Stanford EE274: Data Compression I 2023 I Lecture 16 - Learnt Image Compression

()

Traditional Image Compression

Traditional image compression methods, such as JPEG, use linear transforms (matrix multiplication) and rely on heuristics and hand-determined parameters.
JPEG 2000, BPG, and other traditional image compressors use linear transforms (matrix multiplication).
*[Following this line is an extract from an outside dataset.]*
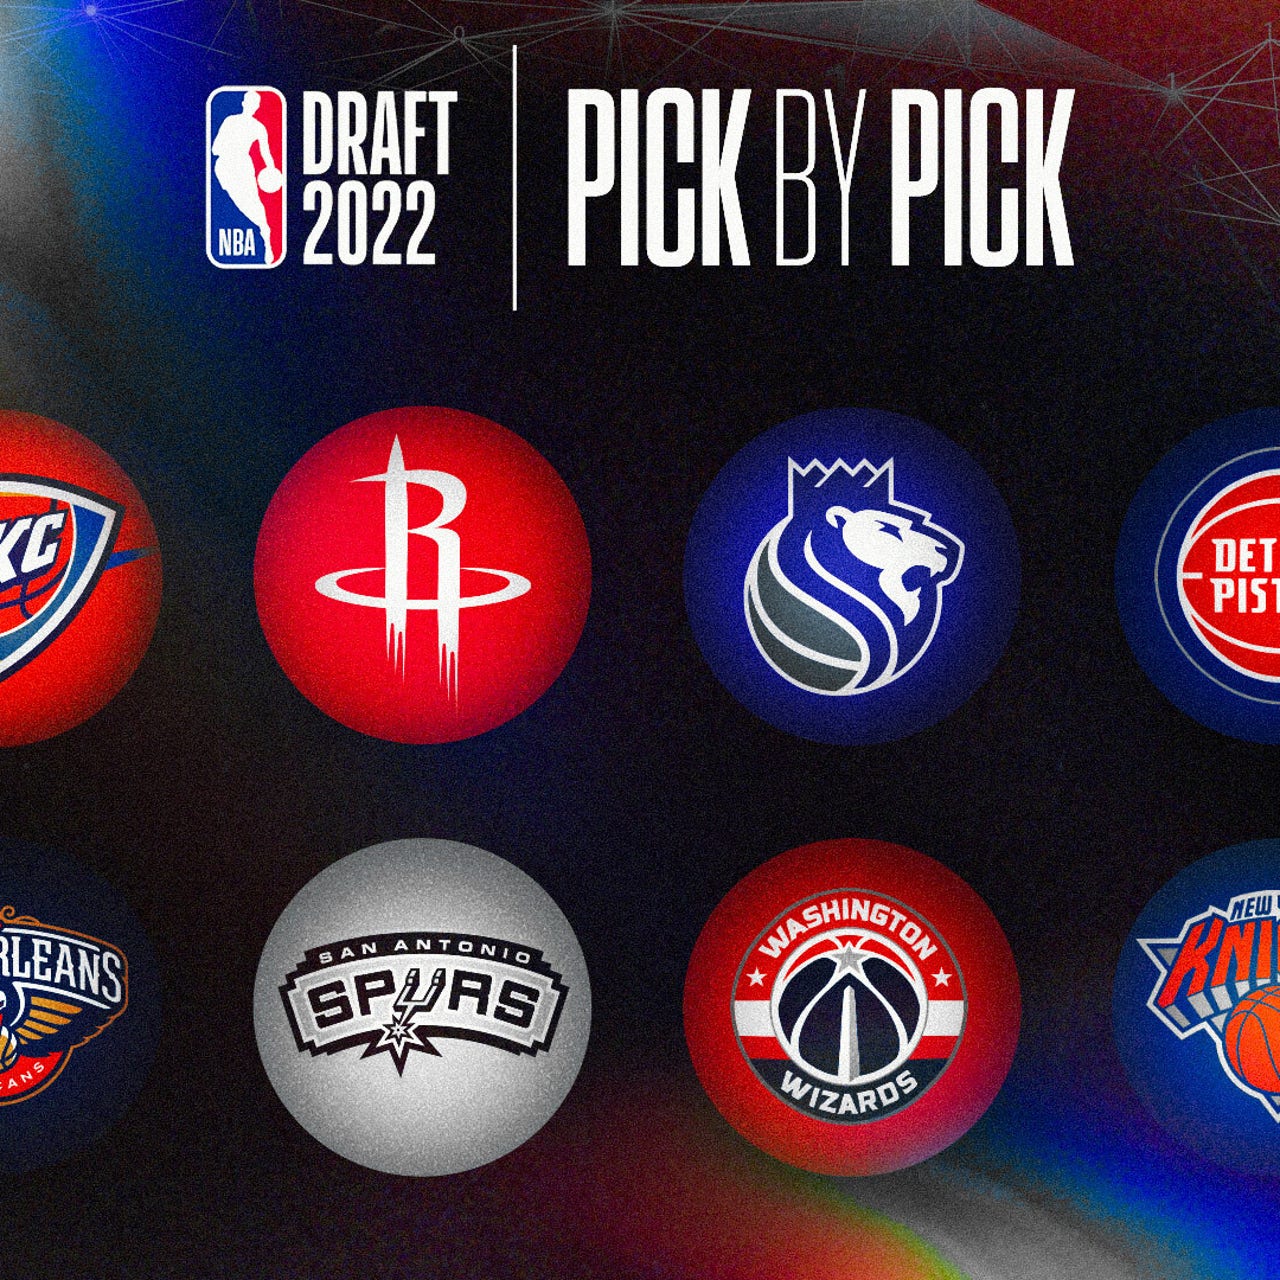 CHGO Bulls 2022 NBA Draft Profiles: Walker Kessler - CHGO

Learned compression uses machine learning to improve upon traditional compression methods by employing nonlinear transforms and end-to-end training.
Learned compression aims to optimize the entire compression pipeline, including the transform, quantization, and entropy coding, in an end-to-end manner.
Learned image compressors can adaptively learn parameters for specific domains, tasks, or even content, providing flexibility and improved performance.
Learned compressors offer better distortion model separation, allowing for optimization of any differentiable distortion metric, including those that better align with human perception.
Learned image compressors have achieved state-of-the-art performance, surpassing traditional codecs in terms of quality at lower bit rates.

ML-based codecs offer better fidelity to chosen probability models, resulting in improved rate distortion.
ML-based codecs allow users to choose any differentiable distortion, making them highly adaptable and flexible.

One of the main challenges with learned image compressors is their speed, as they require training with millions of parameters, which can be computationally expensive.
The main challenge in deploying ML-based codecs is their computational complexity, which can be 20 times more than traditional codecs.
Different hardware platforms may have different floating-point operation implementations, leading to potential failures in reproducibility across machines and platforms.

Autoencoders consist of an encoder and a decoder.
The encoder analyzes the input image and reduces it to a lower-dimensional representation (latent space).
The decoder synthesizes an image from the latent space.
The goal of training an autoencoder is to minimize the reconstruction loss between the original image and the reconstructed image.
To achieve rate-distortion optimization, a rate loss term (estimated using the probability distribution of the latent space) and a distortion loss term (L1 loss) are combined in the loss function.
During training, noise is added to the latent space to approximate the quantization step.
After training, an arithmetic encoder is used for lossless compression of the latent space.
The resulting compressor achieves good reconstruction quality with low bit rates.

ML-based codecs are becoming increasingly prevalent and are expected to be widely used in future compressors.